Will Falk, an attorney for Reno-Sparks Indian Colony, said federal laws do not protect massacre sites from mining, and the federal mining law of 1872 must be changed by Congress to protect sacred sites. Falk said there are more than 1,000 sacred sites here in the area of the open-pit lithium mine.
Falk said the only aspect that the tribes were allowed to ask for in federal court, by law, was for consultation regarding projects destroying their ancestral land. Tribes are not able to say to say to the federal government: No, you are not doing that here.
When there is mining on public lands, Native people are forbidden to go there and pray for their massacred ancestors, Falk said.
"This is a human rights violation," said Falk, pointing out that this is part of the United States government's ethnic cleansing.
Falk said wealthy corporations are prepared to fight changes to the 1872 federal mining law and this change will require massive civil disobedience.
The extraction method for lithium depends on the fossil fuel industry, and is not going to save the planet, he said.
"I don't know what part of blowing up a mountain is green."
Max Wilbert, who spent months living on the land, described how the struggle here links the people with the global struggles against the greenwashing for batteries for electric vehicles.
Wilbert said what is happening at Thacker Pass is not just a small dispute in a remote corner of the world, but is a "new frontier in the extraction economy."
It is the canary in the coal mine.
The Hongana Manyawa – which means ‘People of the Forest’ in their own language - are one of the last nomadic hunter-gatherer tribes in Indonesia. They are now battling the devastation of nickel mining for electric car batteries destroying their jungle homeland.
In the Democratic Republic of the Congo, children as young as four are being forced to slave for 12 hours a day in Congo 'horror mines,' extracting cobalt for the manufacture of mobile phones. For this, they receive just ten cents per day and are constantly threatened with violence.
In Serbia, there are mass protests in opposition to Rio Tinto’s plans to build a huge lithium mine. In Argentina, the people are speaking out and opposing lithium mining.

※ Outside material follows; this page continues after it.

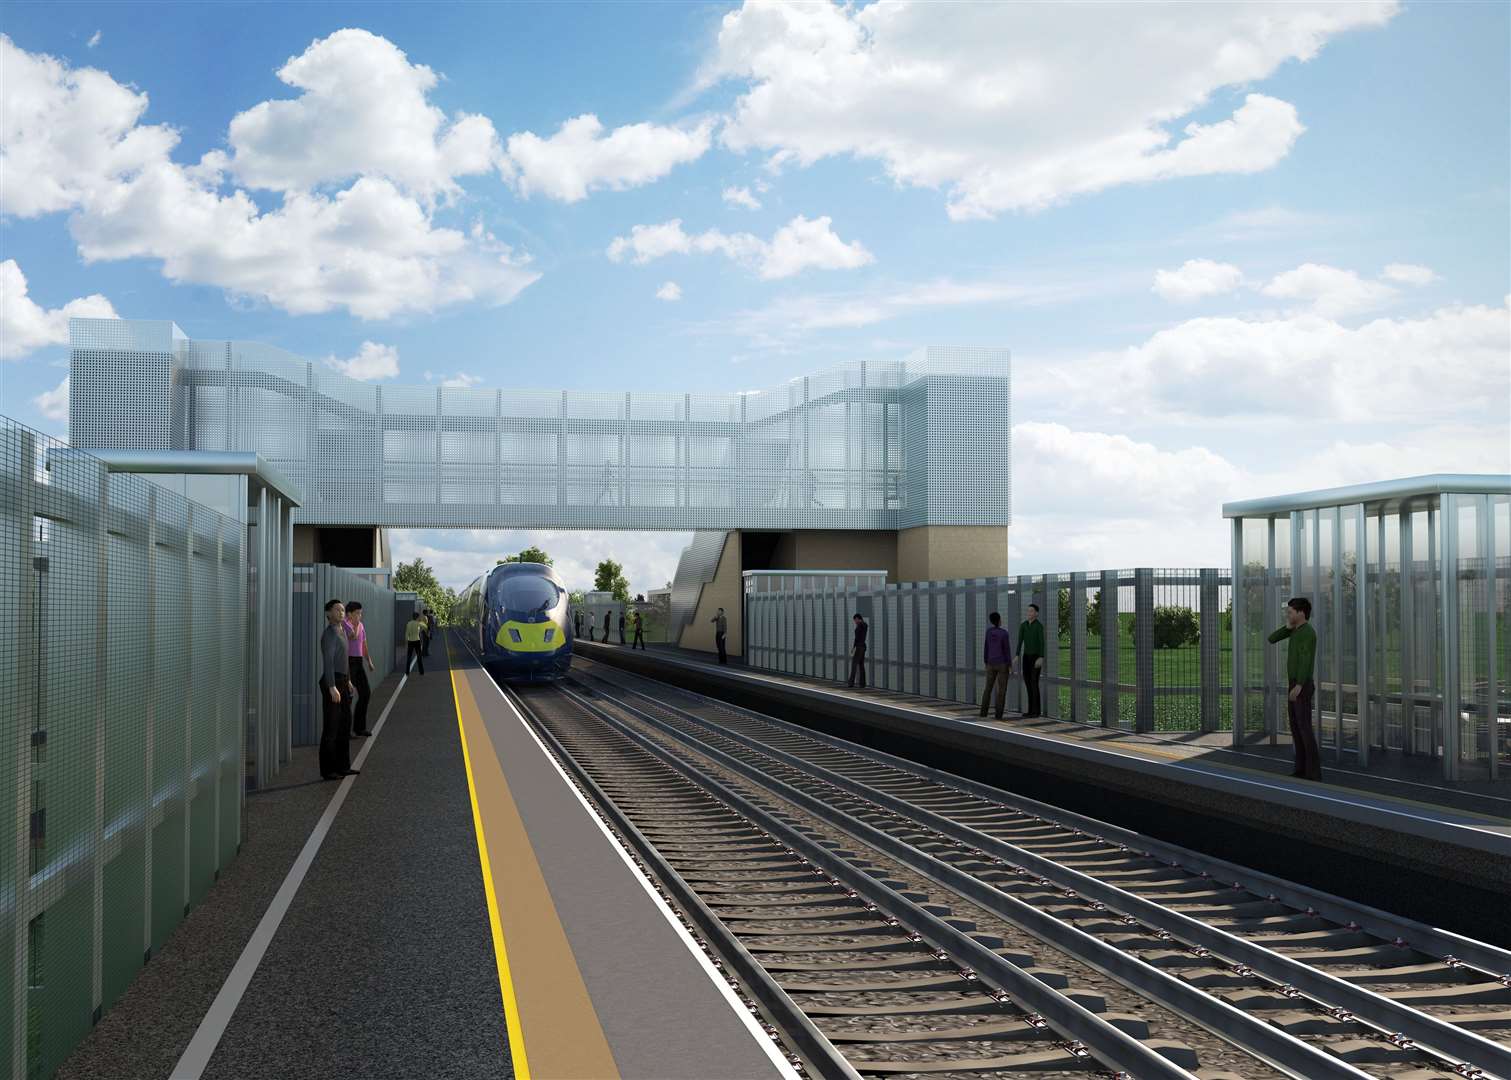 The Heathlands garden village will need its own railway station, the inspector said

Wilbert, cofounder of Protect Thacker Pass, said there are currently more than 21,000 lithium claims in Nevada. Wilbert said electric vehicle emissions do pollute, and electric vehicles are a distraction, not a solution to climate change.
Thacker Pass is known as “Peehee Mu’huh” in the Paiute language and is home to sacred sites, harvesting and hunting grounds, ceremonial areas, and the locations of two massacres of Paiute children, women and men.
On November 9th, Northern District of Nevada Chief Judge Miranda Du dismissed a second lawsuit filed in February of this year by the Reno-Sparks Indian Colony against the Bureau of Land Management (BLM) for allowing the Thacker Pass Lithium Mine to destroy sacred sites in Thacker Pass without concluding tribal consultation. The Reno-Sparks Indian Colony was joined by the Summit Lake Paiute Tribe, and Burns Paiute Tribe in the suit.
Chairman Melendez said on Tuesday that an appeal is not being pursued by Reno-Sparks Indian Colony at this time, because it would be futile, due to the current laws, the position of the federal court, and the fact that the sacred sites would be destroyed during the long delays of court action.